Maureen’s gusto was a gift. Her antennae for casting were never cliche, status quo, or safe: she had an affinity for sniffing out the potential of misfits, wallflowers, wounded warriors, backbenchers, and enigmas. Those who navigated her honesty walked away as more capable and more confident.
7. Work on a Play like a Potter
Seventh, Maureen taught me to work on a play like a potter works on a wheel. Charge, carve, pound, push, and wrestle the play as one would earthy clay.
Get it under fingernails, slap it, pinch it up, crush it down, cradle it, throw it on the table, and finesse its lines. Plays are not delicate ships in a bottle; they’re materials of dust and dirt because they’re matters of humans.
Plays are containers of energy and space. The more one fights, dances, and submits to the play, the more energy it will contain.
Plays are not delicate ships in a bottle; they’re materials of dust and dirt because they’re matters of humans.
8. Maintain Absurdity and Silliness
An eighth lesson was that although plays are poems and theatres are meeting houses, the seriousness of a theatre artist should never eliminate one's capacity to be absurd, mischievous, or wicked.
Maureen taught us to pivot between intense creative flows of highly caffeinated focus to boisterous, giddy, goofy guffaws.
I recall when Maureen taught the Emerson company of The Grapes of Wrath to sing a profane shanty of complaints during a particularly long tech hold. Imagine it: in a thrust theatre, an ensemble of college actors singing, in harmony, profanity after profanity in the round. It was sardonic, offensive, unprofessional, and oh-so delightful.
9. Fried Clams are Gross
A ninth lesson Maureen taught me is that I can’t stomach fried clams. She was excited to take me to one of her favorite bayside shacks to eat them. I turned green and, to this day, even the thought of them gives me the heebie-jeebies. Although I found the fried clams to be abhorrent, taking me, a mentee, to share a meaningful meal was an act of hospitality and vulnerability. With food, Maureen taught us to converse via communion.

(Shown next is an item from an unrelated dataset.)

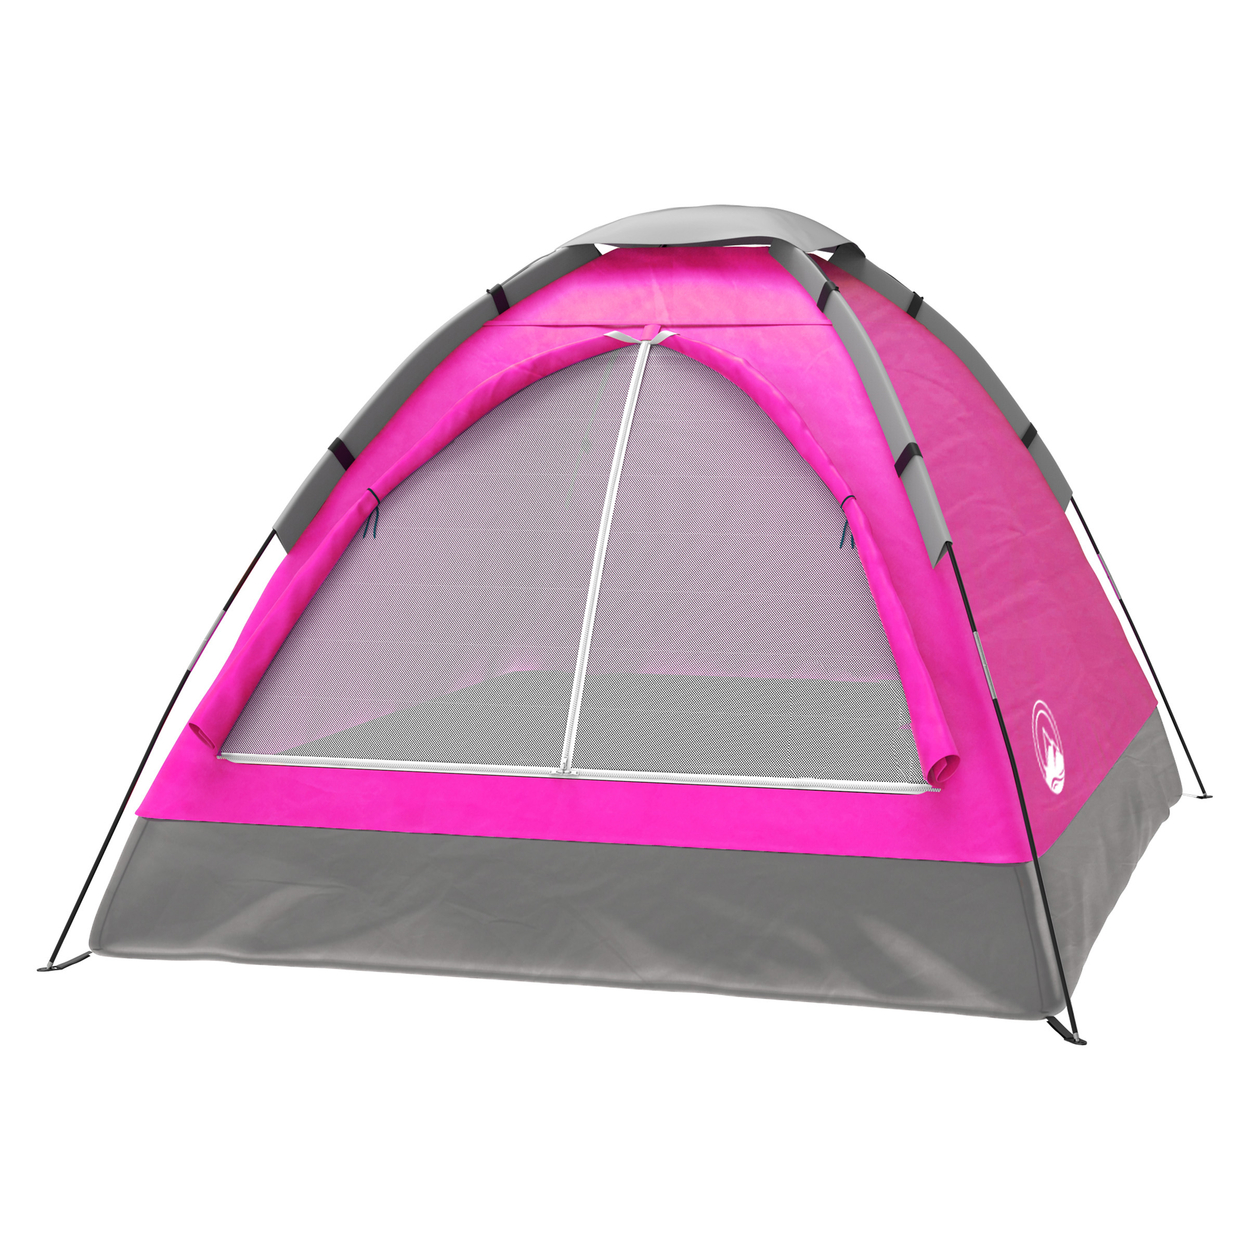 Backyard Princess Pink Camping Tent Outdoor Playhouse Slumber Party Sleep Over
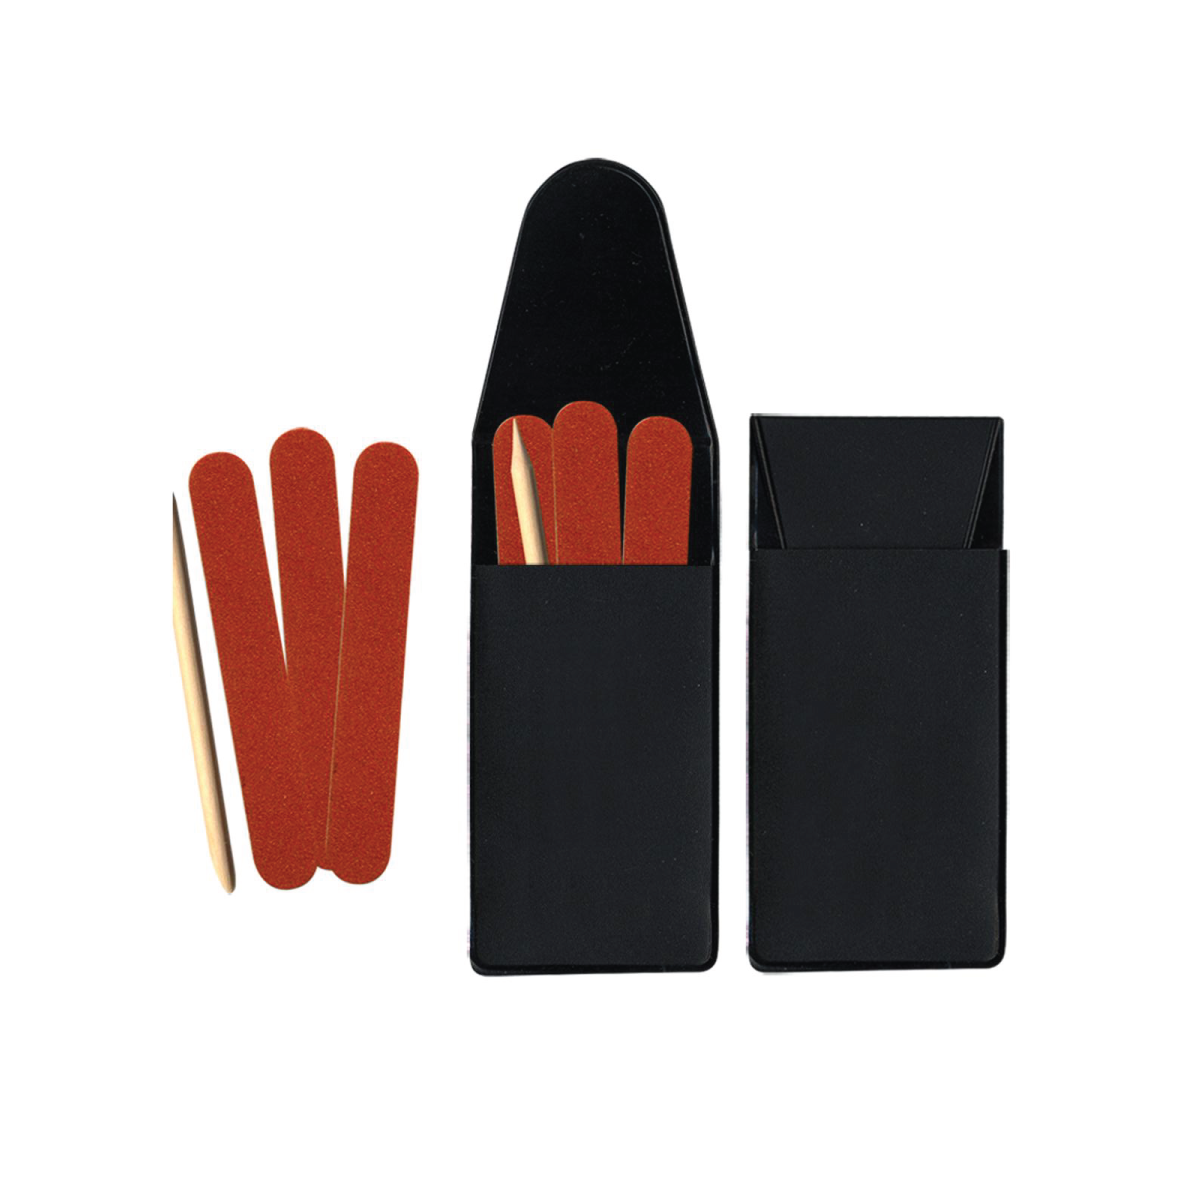 Black Pocket & Purse Nail File Kit

10. We Carry Our Iterations in Interactions
A tenth lesson is that my parents and godparents loved Maureen Shea. She got dinner with them at the Malaysian restaurant one block over. Maureen described my family as “wonderfully eccentric and yet so normal,” and I agree with that description.
My dad, an introvert by disposition, flowered in Maureen’s presence. My godmothers, both queer elders, were enchanted by a unique camaraderie.